The new policy, which went into effect Jan. 1, 2014, reads: “No youth may be denied membership in the Boy Scouts of America on the basis of sexual orientation or preference alone.” A subsequent policy change last year allowed openly homosexual adult men to be Scoutmasters, while allowing local Scout Councils to opt out and set standards according to their moral beliefs.

Tillerson is quoted in the BSA’s Scouting magazine as responding to the vote allowing homosexual Scouts as follows:

Regardless of where you were on this decision, it’s also very normal for people to feel like there are winners or losers. I’m here to tell you that’s not true. … There are neither winners nor losers. What’s left after we made the decision to change is the mission, and the mission has not changed.

Conservative writer and former Boy Scout Timothy Birdnow, in an article today titled, “Tillerson’s Assault on the Scout,” responded to the Exxon executive’s remarks:

So resistance to change is tied not to a moral absolute, but rather to a lack of understanding, and there are no ‘winners or losers.’  The boys lost, but Tillerson fails to see it.

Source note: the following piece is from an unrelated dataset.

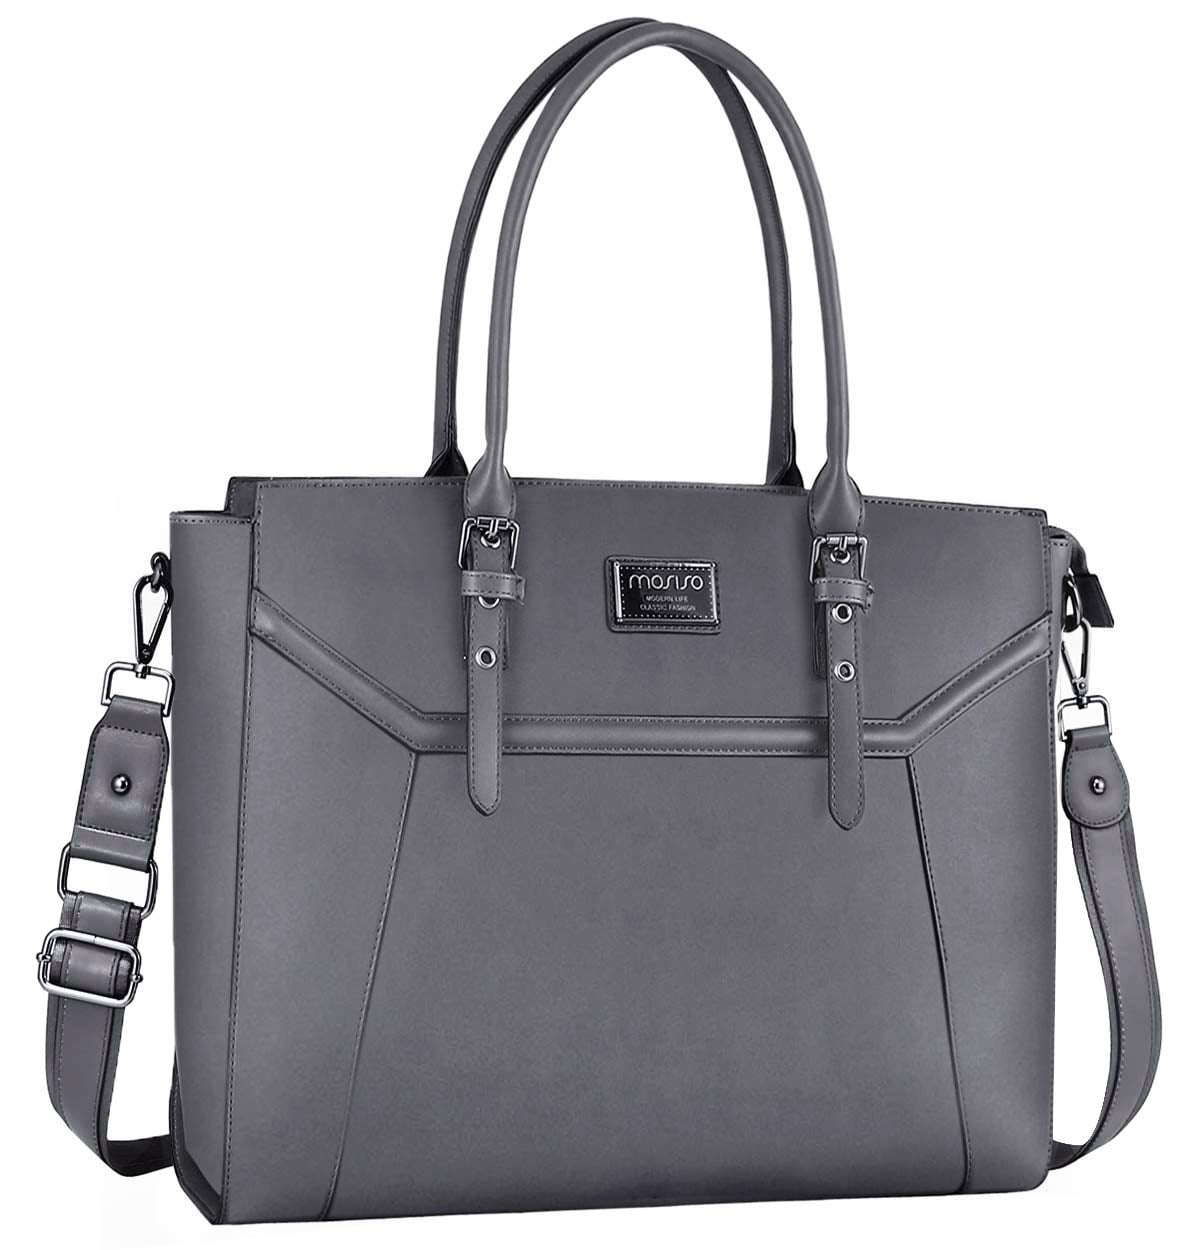 Buy Women's Stylish Medium handbags~Vegan leather Satchel handbag Top  handle purse Classic/Fashion Tote bags at Amazon.in

How is opening an organization that involves young boys in close proximity to open homosexuals in the former's best interest?  Will Tillerson next seek to recruit hookers for them?  These are boys in their early teenage years, after all, and as such, one must question their self-identification as homosexual.  If they do fall into that category, the purpose of an organization like the Boy Scouts is to lead boys away from such things.

The Boy Scouts’ shift toward homosexual advocacy was especially bitter for American pro-family advocates since the Scouts—in the 2000 BSA vs. Dale case–had already won their right through the U.S. Supreme Court not to hire adult homosexuals, based on their First Amendment freedom to live by their own moral code.

The BSA has had a problem with sexual predators as homosexual Scoutmasters—exposed through a lawsuit that forced the release of a portion of the BSA’s so-called “perversion files.”

Exxon goes “gay”

Tillerson's corporation, Exxon-Mobil, initially resisted adopting broad homosexuality- and transgender-affirming policies advocated by LGBT activists. This led liberal “gay” groups like Human Rights Campaign to target Exxon-Mobil for protests.

Thus Exxon became a part of the corporate “culture wars” as conservatives would go out of their way to buy the politically incorrect company’s gas, while homosexual activists and their liberal allies would consciously avoid Exxon stations.

However, Exxon now has an 85 percent ranking on HRC’s 2017 “Corporate Equality Index,” the organization’s self-serving guide for scoring major corporations on LGBTQ issues and philanthropy. That score is up from 25 percent in 2013.

Human Rights Campaign charged that Exxon-Mobil shifted its homosexual-related policies only to become eligible for federal contracts–after President Obama issued an executive order mandating that the federal government only do business with contractors that have explicit pro-LGBTQ nondiscrimination policies.